For "doctor diplomacy" see response above.
In all nations with high emigration rates longevity rates skew high. This occurs because the birth is recorded but the death gets recorded in the nation migrated to. So it seems like fewer people die. A nation with high longevity but with high emigration has little to boast about with regards to longevity figures. During the last 50 years, 2.6 millions Cubans have emigrated/born abroad. The actual island population is 11.4 millions. The 2.6 millions represent 18.5% of the total population, a high emigration rate.. This explains the high life expectancy.
According to UN figures, Cuba's current infant mortality rate places the country 44th from the top in worldwide ranking. According to those same UN figures, in 1958 (the year prior to the revolution), Cuba ranked 13th from the top, worldwide. This meant that pre-Castro Cuba had the 13t lowest infant-mortality rate in the world.
Cuba's infant mortality rate is kept low by the regime’s tampering with statistics, by a
low birth rate of 12.5 births per 1000 population, and by a staggering abortion rate of 77.7 abortions per 1,000 women. Cuba had the lowest birth rate and doubles the abortion rate in Latin America. Cuba's abortion rate was the 3rd highest out of the 60 countries studied. (
http://www.guttmacher.org/pubs/journals/25s3099.html)

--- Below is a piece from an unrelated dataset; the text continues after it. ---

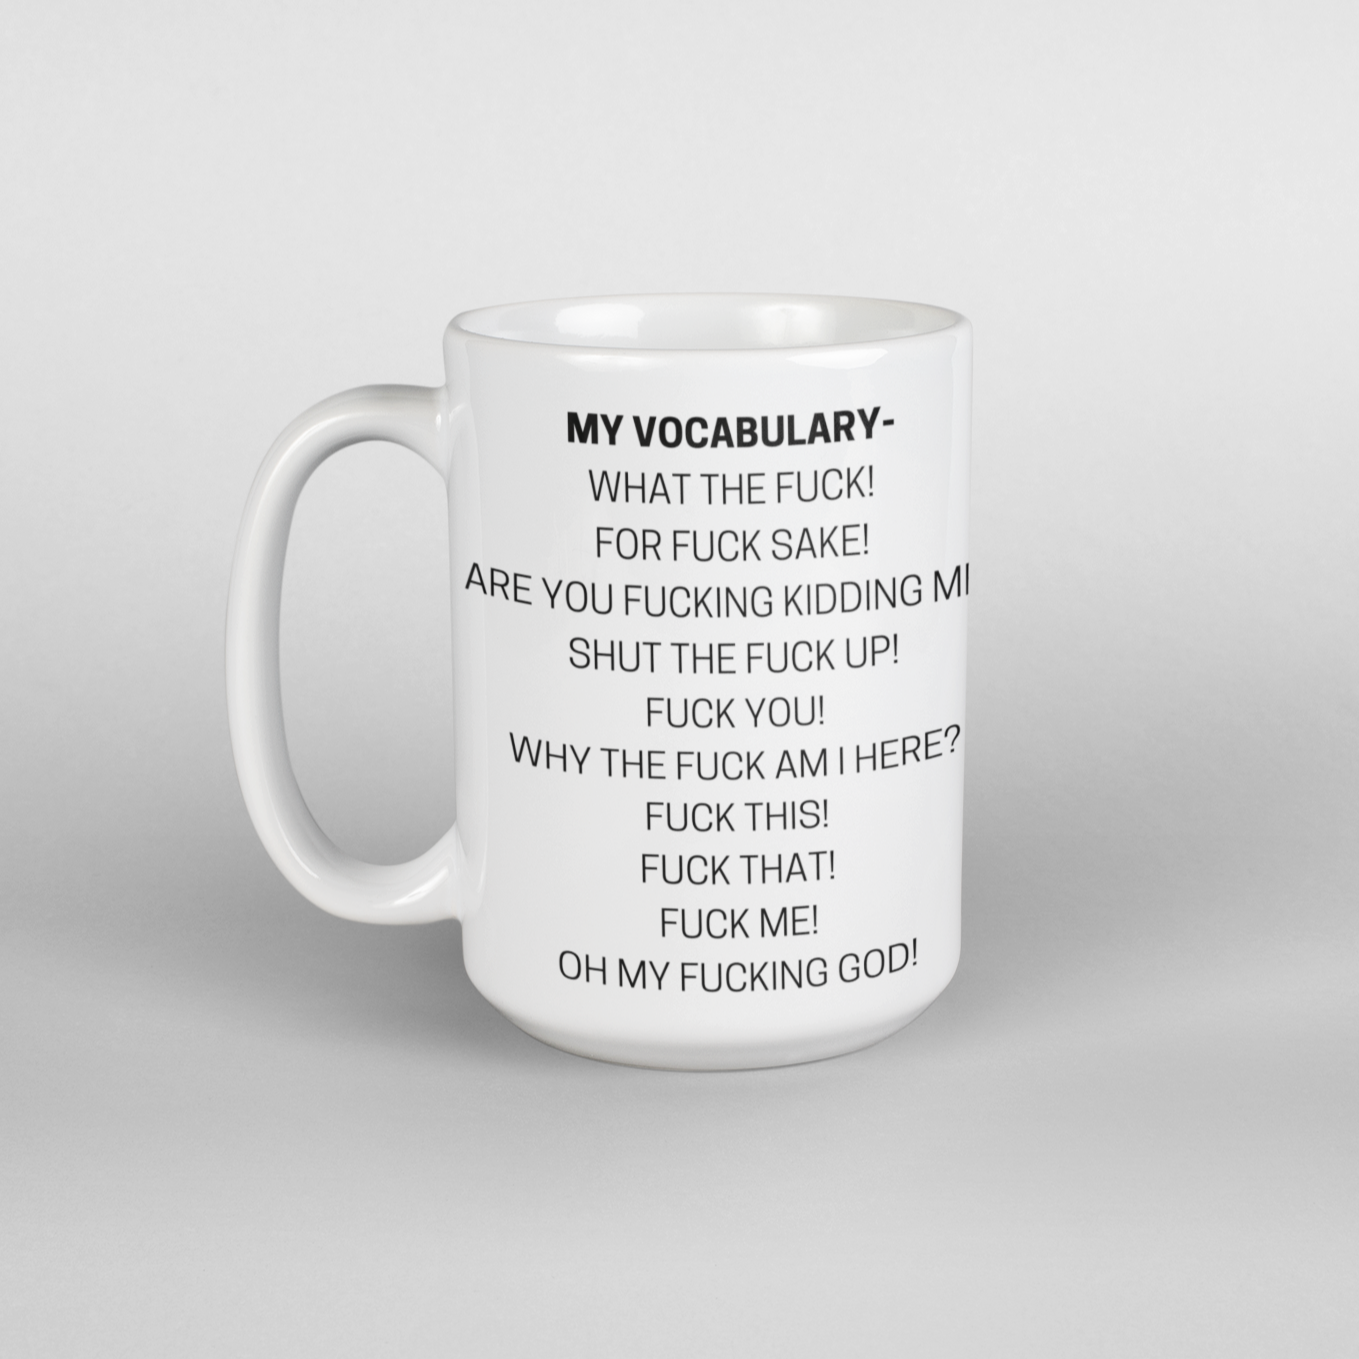 This My Swear Vocabulary Rude Sweary Funny Coffee Mug makes the perfect gift for any coffee lover. It is made of durable ceramic, ensuring a long-lasting life. The bold design and statement of "My Swear Vocabulary" is sure to be a conversation starter at any gathering. Enjoy your favourite beverage in this unique and humorous large 15oz mug!

Another health parameter linked to infant mortality, is the maternal mortality rate. Cuba’s maternal mortality rate is 33 deaths per 100,000 live births. This health statistic is high despite the fact that Cuba has the lowest birth rate in Latin America. The doctors are supposed to suggest abortion in risky pregnancies and, in some occasions, must perform the interruption without the consent of the couple. Cuban pediatricians constantly falsify figures for the regime. If an infant dies during his first year, the doctors often report he/she was older. Otherwise, such lapses could cost him severe penalties and his job.